By Michael Jessen
What's the most recycled material in North America? If you guessed paper, sorry, you're wrong. The correct answer is steel.
Yes, steel - the material that is made into cans, automobiles, appliances, construction materials and other products -- is the recycling leader with an overall recycling rate of 65%. In 1997, more than 70 million tons of steel scrap were recycled, according to the Steel Recycling Institute.
It shouldn't be surprising that steel is the number 1 recycled material since the continent's original recycler is the scrap dealer. Once a man who collected junk on the street, the scrap business has turned into a billion dollar industry.
Steel is a unique material because it always contains recycled steel. Recycling is an integral part of the steelmaking process because the use of steel scrap lowers the total cost of producing new steel. It is always cheaper to recycle steel than to mine virgin ore and move it through the process of making new steel.
Besides saving landfill space, recycling steel also saves valuable energy and natural resources. Each year, steel recycling saves the energy equivalent to electrically power about 18 million homes for 12 months. When one ton of steel is recycled, 2,500 pounds of iron ore, 1,400 pounds of coal, and 120 pounds of limestone are conserved
To buy steel is to "buy recycled." The term "buy recycled" refers to ways that you can help complete the recycling loop through buying products that are made of recycled materials. When you buy a steel product, whether it's a paper clip, an appliance, or a steel-framed home, you can be sure you're "buying recycled." Since new steel is always made with old steel, steel products have contained recycled steel for decades.
What's more, all new steel products made from recycled steel can be recycled again at the end of their useful lives. Used steel cans can be recycled into part of a guard rail, which may one day be recycled into an appliance.
You may not realize it, but you probably use at least one steel can every day. The familiar "tin" can has been part of our society for more than a century. Steel cans package a variety of products, including fruits, vegetables, soups, sauces, meats, condiments, juice, pet food, cleaning products, paint, shoe polish, adhesive bandages, coffee and even cookies.
How do you prepare steel cans for recycling? Basically, all you have to do is empty them. For sanitary reasons, you should rinse steel food cans in leftover dishwater or in empty spaces in your dishwasher. Paper labels should be removed and recycled with other mixed paper.

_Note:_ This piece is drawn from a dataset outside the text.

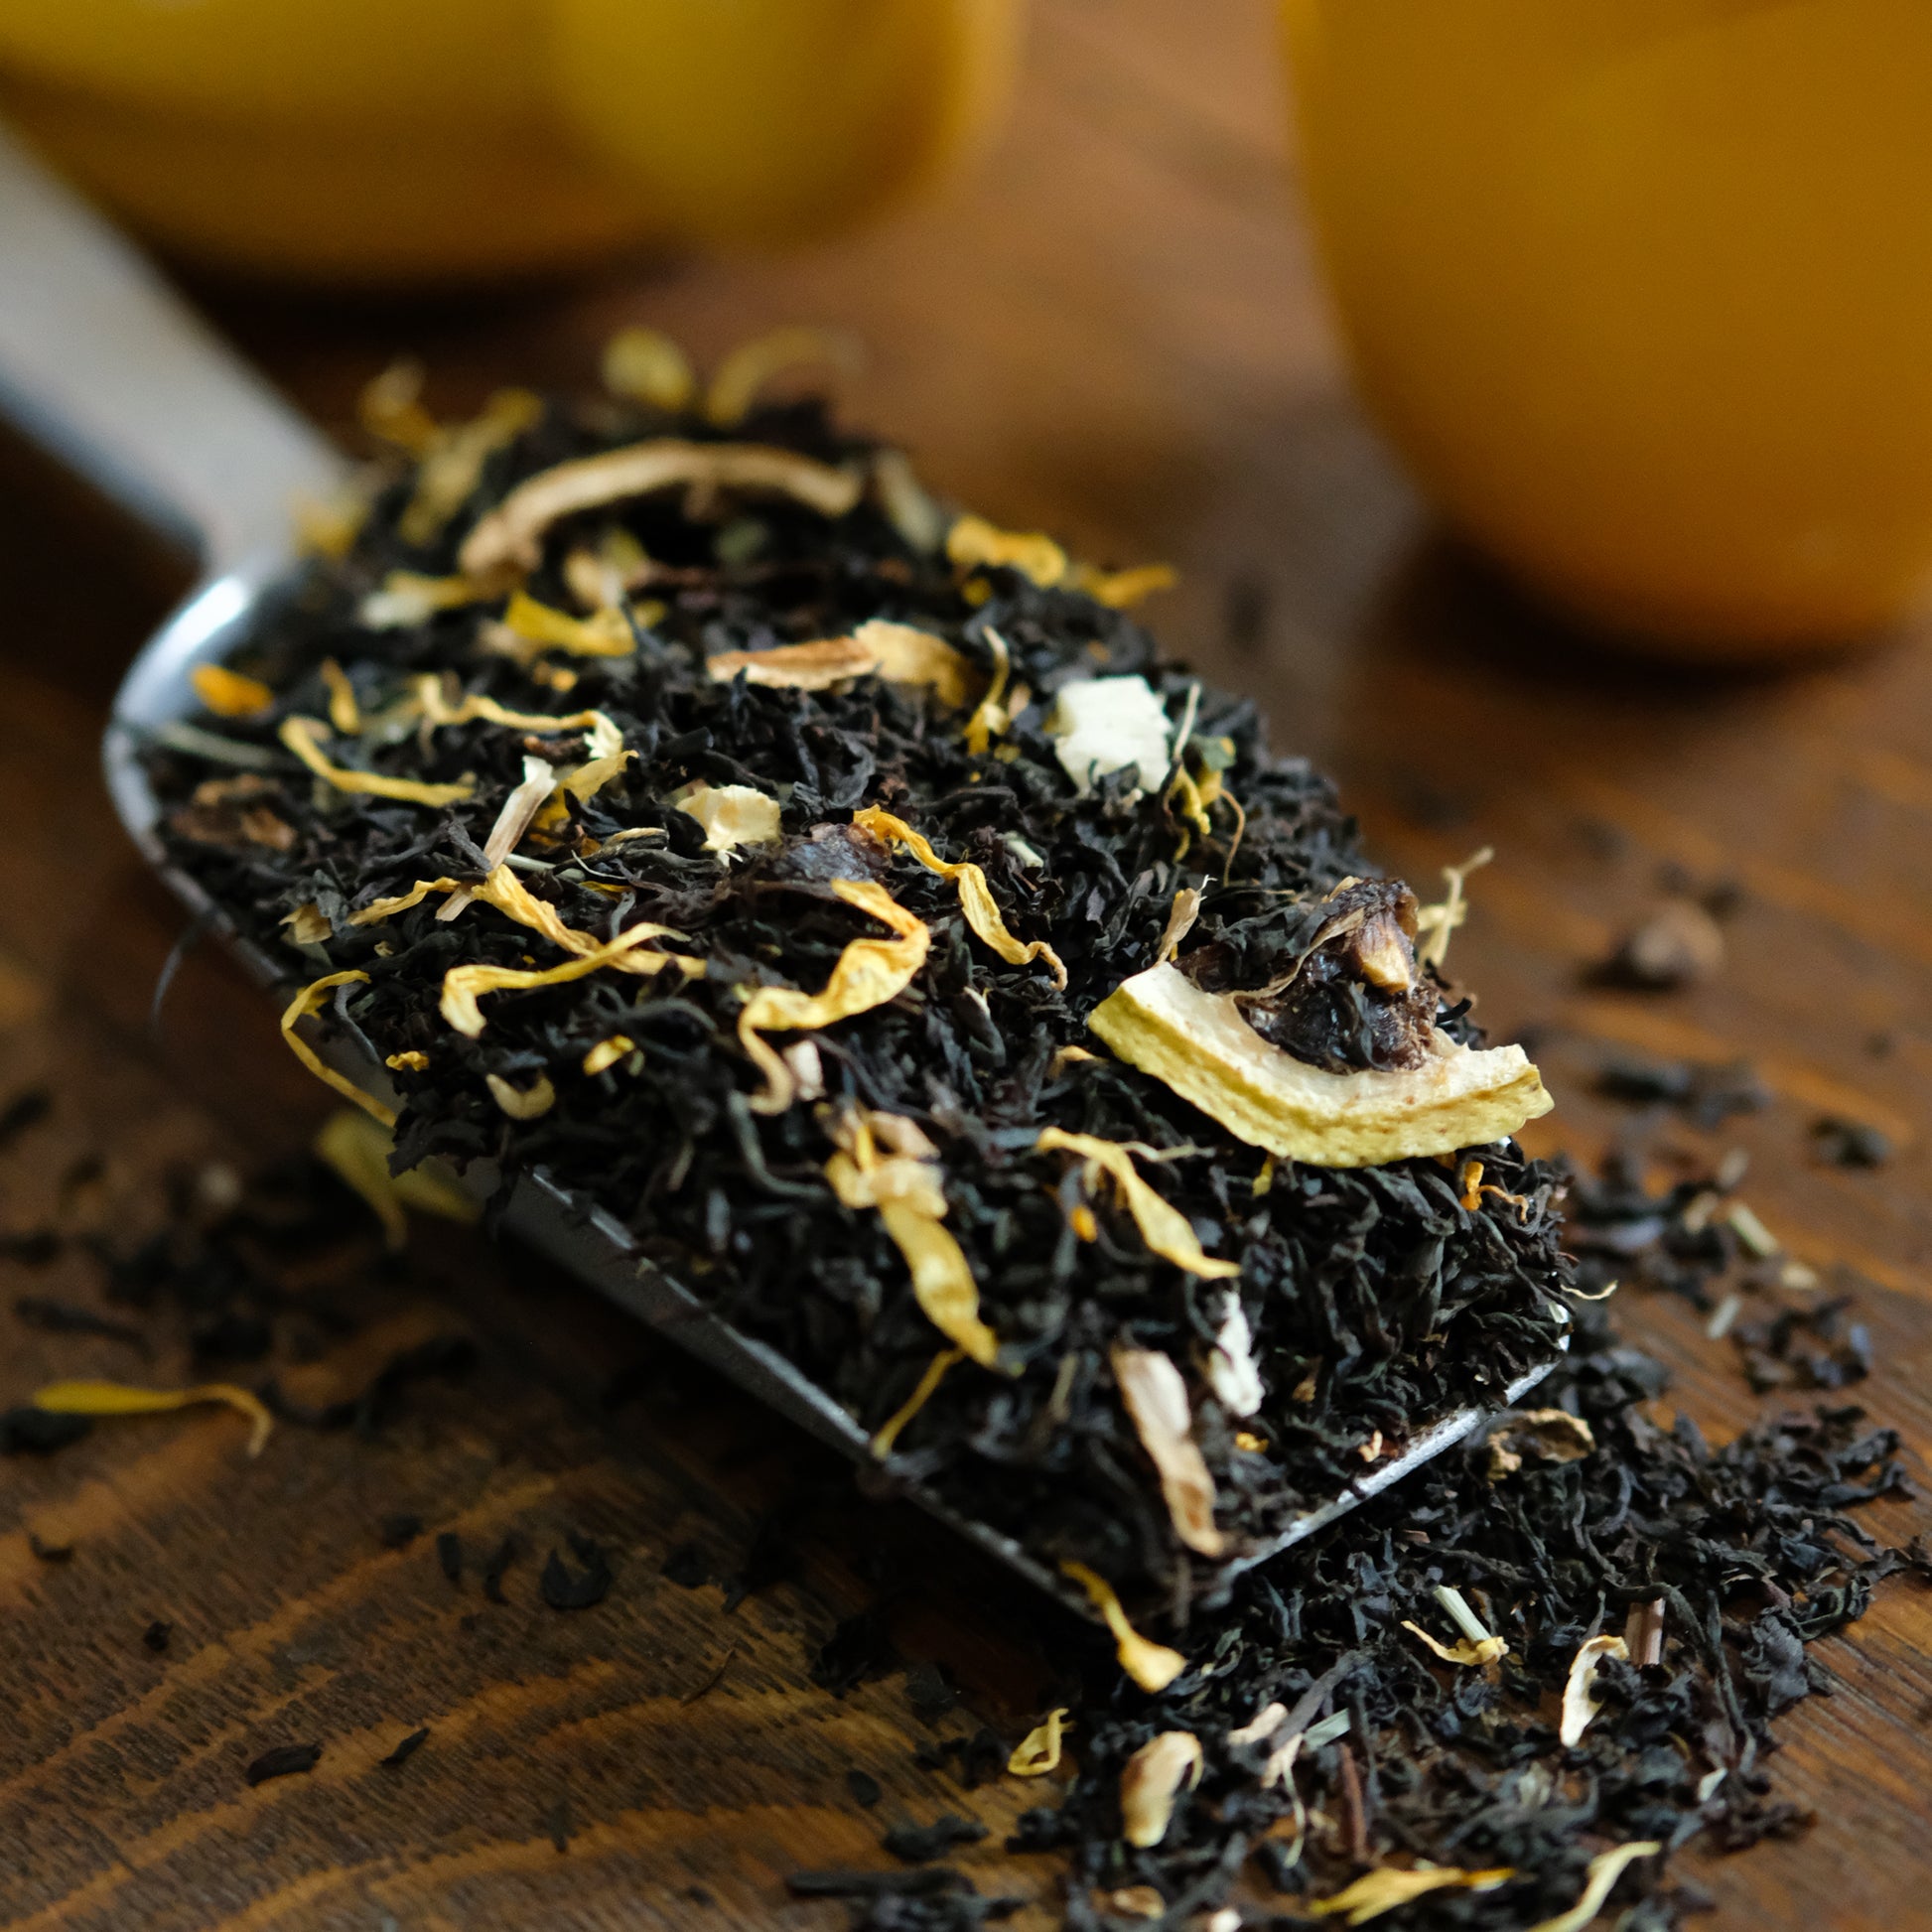 Les bienfaits du thé citron - gingembre - Feelgood Laser

Did you know that when empty, aerosol and paint containers are completely recyclable, just like any other steel can? The key word is empty. It's okay to have a thin skin of dried paint in a paint can. Aerosol cans should be completely empty of product.
Steel from appliances, automobiles and construction materials is routinely collected and processed through a national commercial network of ferrous scrap processors who prepare old steel for use by steel mills and foundries. For the location of your nearest processor, look in the yellow pages under Scrap Metal or Recycling Centres or call your local regional district waste management department.
In 1997, 46 million appliances were recycled yielding more than 2.3 million tons of steel. Of the more than 13 million tons of steel recycled from automobiles in 1997, 1.8 million tons went back to the auto industry to produce new cars.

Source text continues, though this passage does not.